▸ **Task item**: Repeat the stretch of entries below from the line with "Un puissant mouvement civique" through the line with "La Serbie et". Include both ends and add nothing.

▸ **Source material**:
○ ○ ○ ○ ○
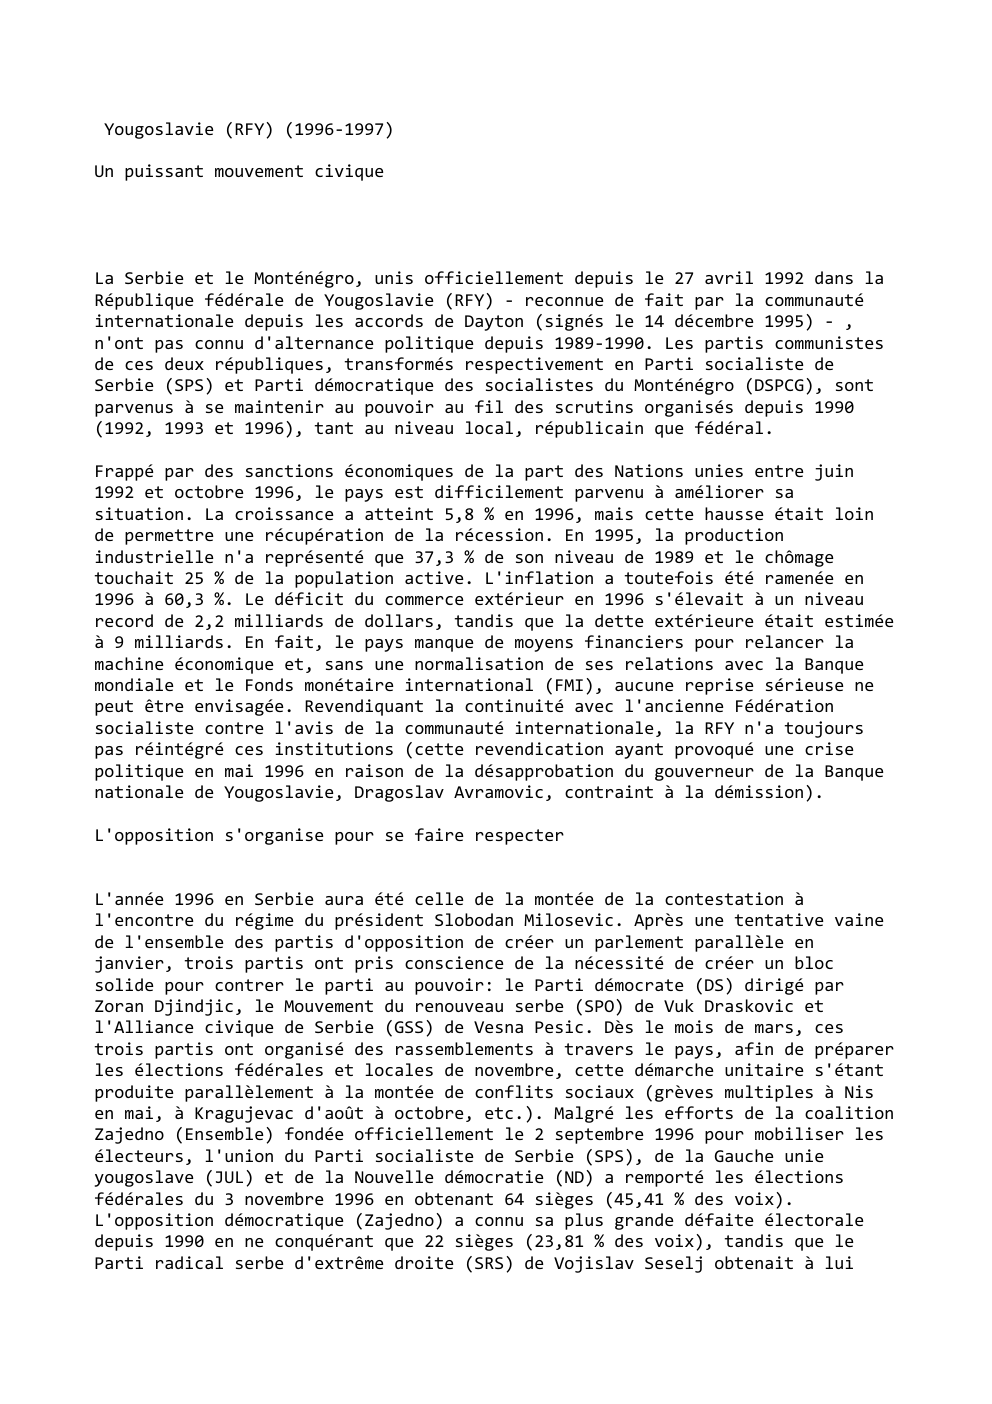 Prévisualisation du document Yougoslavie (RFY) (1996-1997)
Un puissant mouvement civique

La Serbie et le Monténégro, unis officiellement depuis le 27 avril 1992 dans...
○ ○ ○ ○ ○
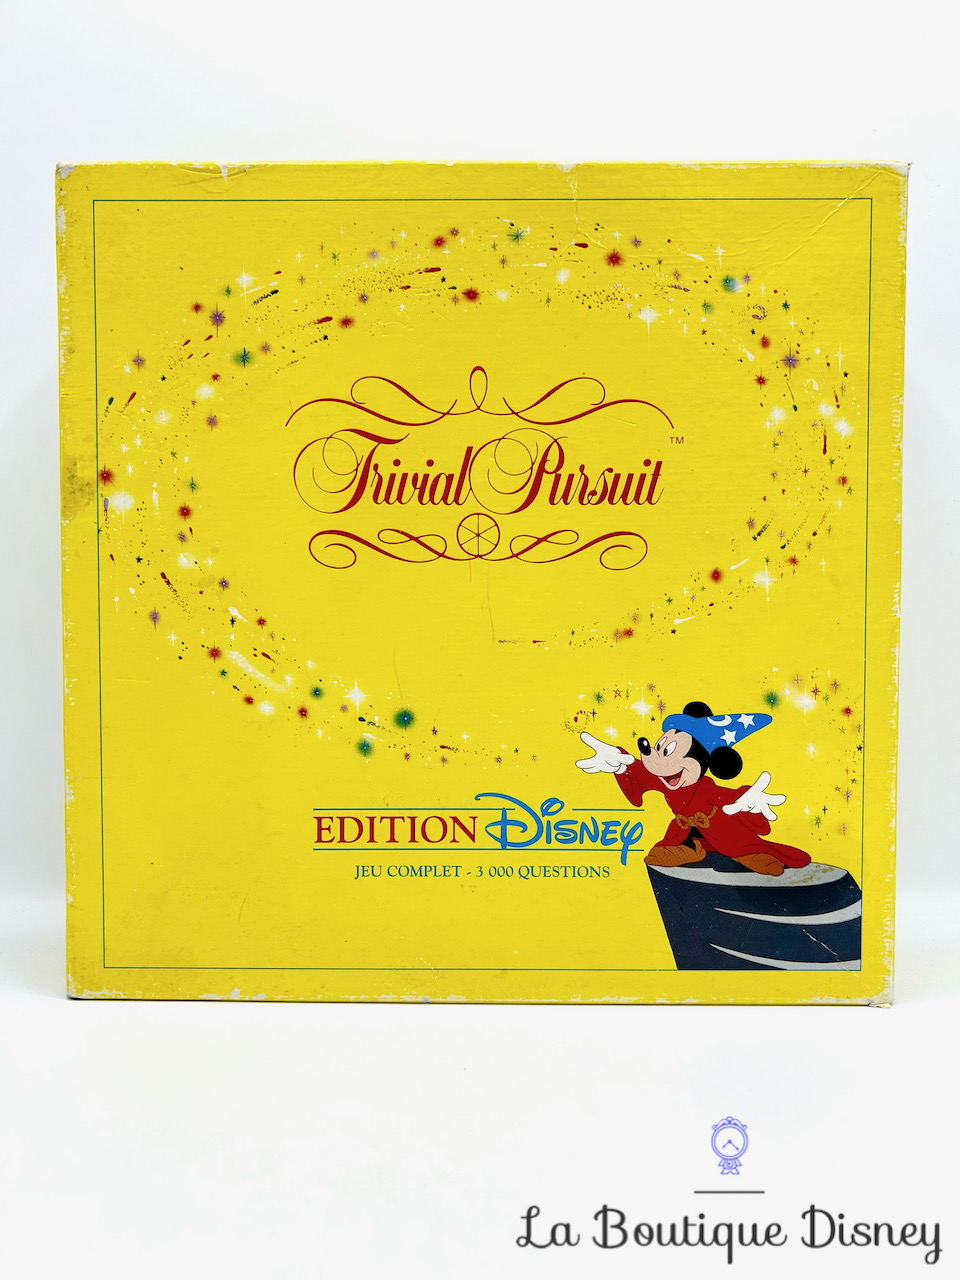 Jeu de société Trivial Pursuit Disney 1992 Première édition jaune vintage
○ ○ ○ ○ ○
▸ **Exercise solution**:
Un puissant mouvement civique

La Serbie et le Monténégro, unis officiellement depuis le 27 avril 1992 dans...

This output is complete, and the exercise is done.